By Gary Smee Friday 27 December 2013 Updated: 27/12 10:05
BOROUGH residents are being urged to think about what they flush down the toilet and pour in the sink after millions of pounds were spent clearing blockages in the last year.
Severn Trent Water is spending about £10million annually clearing things such as nappies, wipes and cotton buds from its network.
Over the last 12 months it has been called out to clear more than 3,000 blockages in the county, three-quarters of which were blamed on people misusing the sewer system and Severn Trent bosses have said this number is on the rise.
Hundreds of blockages are also being caused by grease and fat being washed away in the sink.

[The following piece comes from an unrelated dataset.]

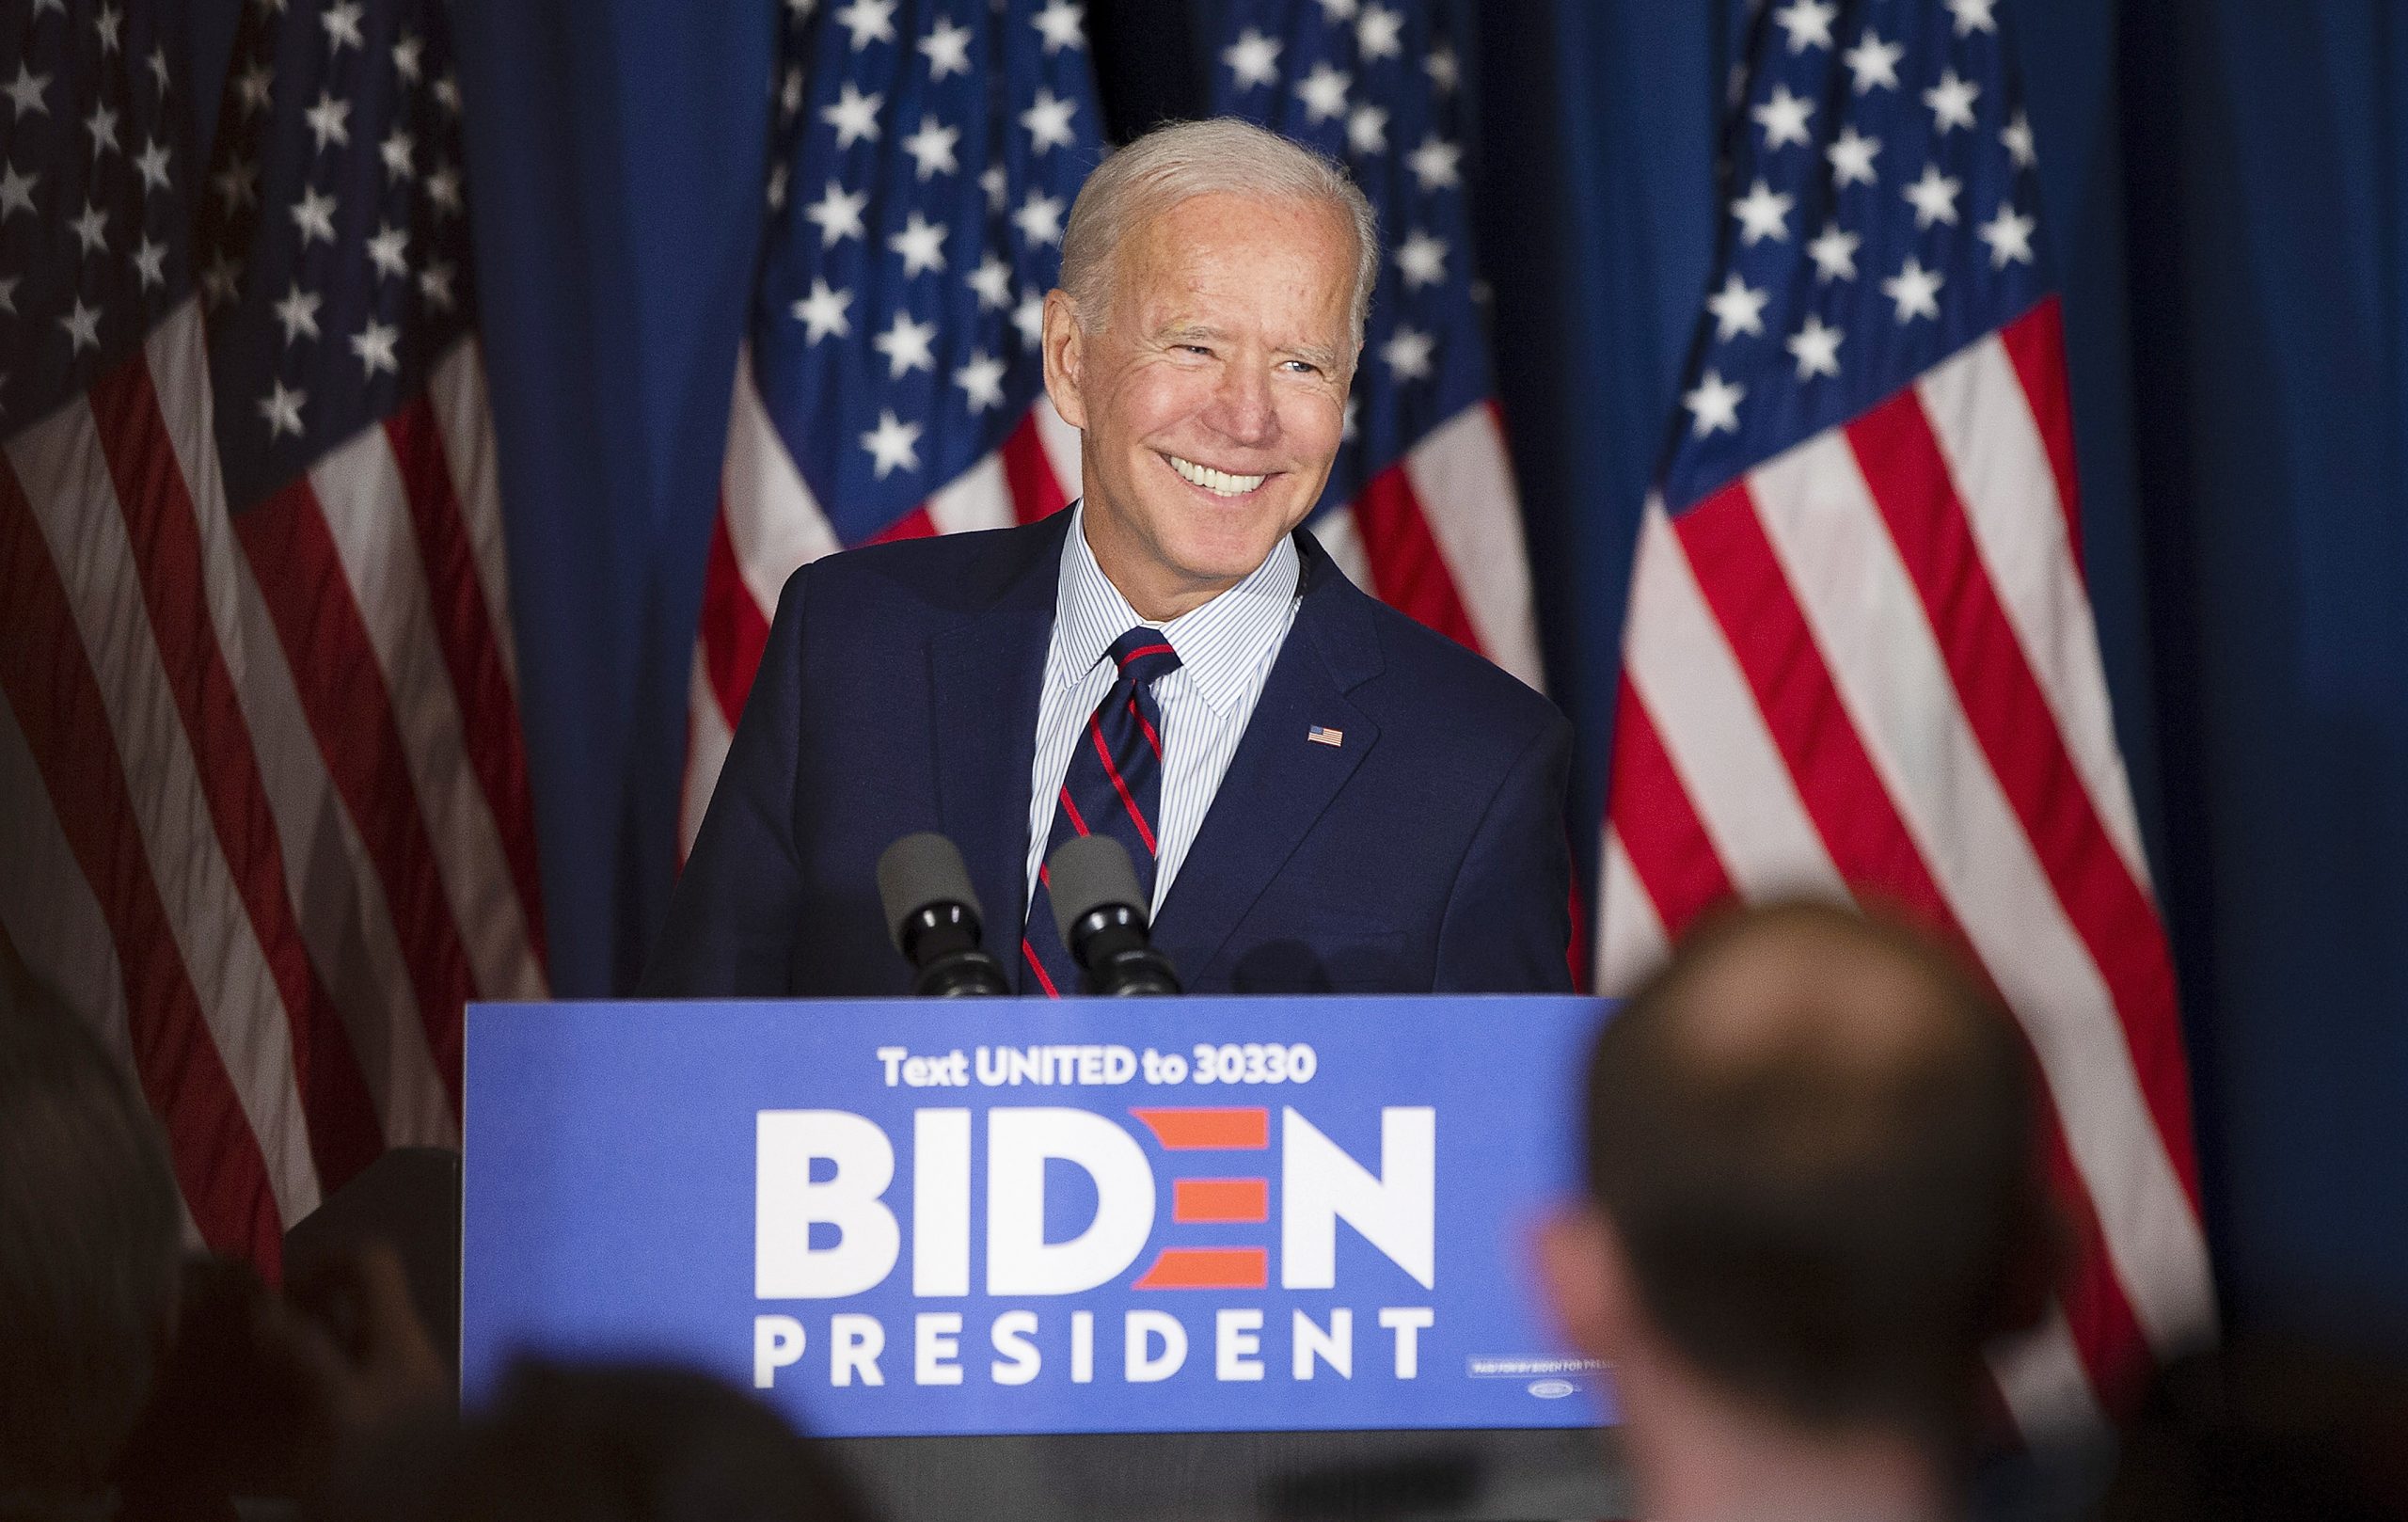 epa08802769 (FILE) - Democratic candidate for United States President, Former Vice President Joe Biden, smiles as he prepares to make a speech during a campaign stop at the Governor's Inn in Rochester, New Hampshire, USA, 09 October 2019 (reissued 06 November 2020). According to media reports citing election officials, Biden has taken the lead in Pennsylvania. An official win of the state would push Biden over the 270 electoral votes necessary to become the 46th President of the United States. *** Local Caption *** 55537332  EPA/CJ GUNTHER *** Local Caption *** 55537332

Richard Rogers, waste water manager for Severn Trent, said: “We call this ‘sewer misuse’ and what we mean is people washing fats, oils and greases down the sink which then solidify when they hit the sewers and block them.
“Blockages are also caused by people putting sanitary products such as nappies and wipes down the toilet rather than in the bin.
“It’s easy to assume the warm grease and fat left over from your Sunday dinner would be okay to dump down the sink, as long as you wash it down with a lot of hot soapy water. But the reality is that quite quickly the fat and grease will cool and solidify, building up and blocking the drain or sewer.”
Mr Rogers said people should wipe out any greasy pans with a bit of kitchen roll then put it in the bin, or pour large amounts of left over cooking grease into a pot or jar with a lid, or one of the free fat traps that Severn Trent provides to its customers.
“Many customers may not realise that they are responsible for the waste pipe running away from their home up until it either crosses the property boundary or meets with another waste pipe or sewer,” he added.
“The drains that take waste water away from your home are only a few inches wide and are only meant to take water, toilet roll and human waste.
“These sewer blockages, if not identified and cleared can lead to sewers backing up and overflowing into people’s homes and gardens.
“We are spending millions of pounds every year sending teams into sewers with jetting equipment and sometimes even spades to dig out these blockages.”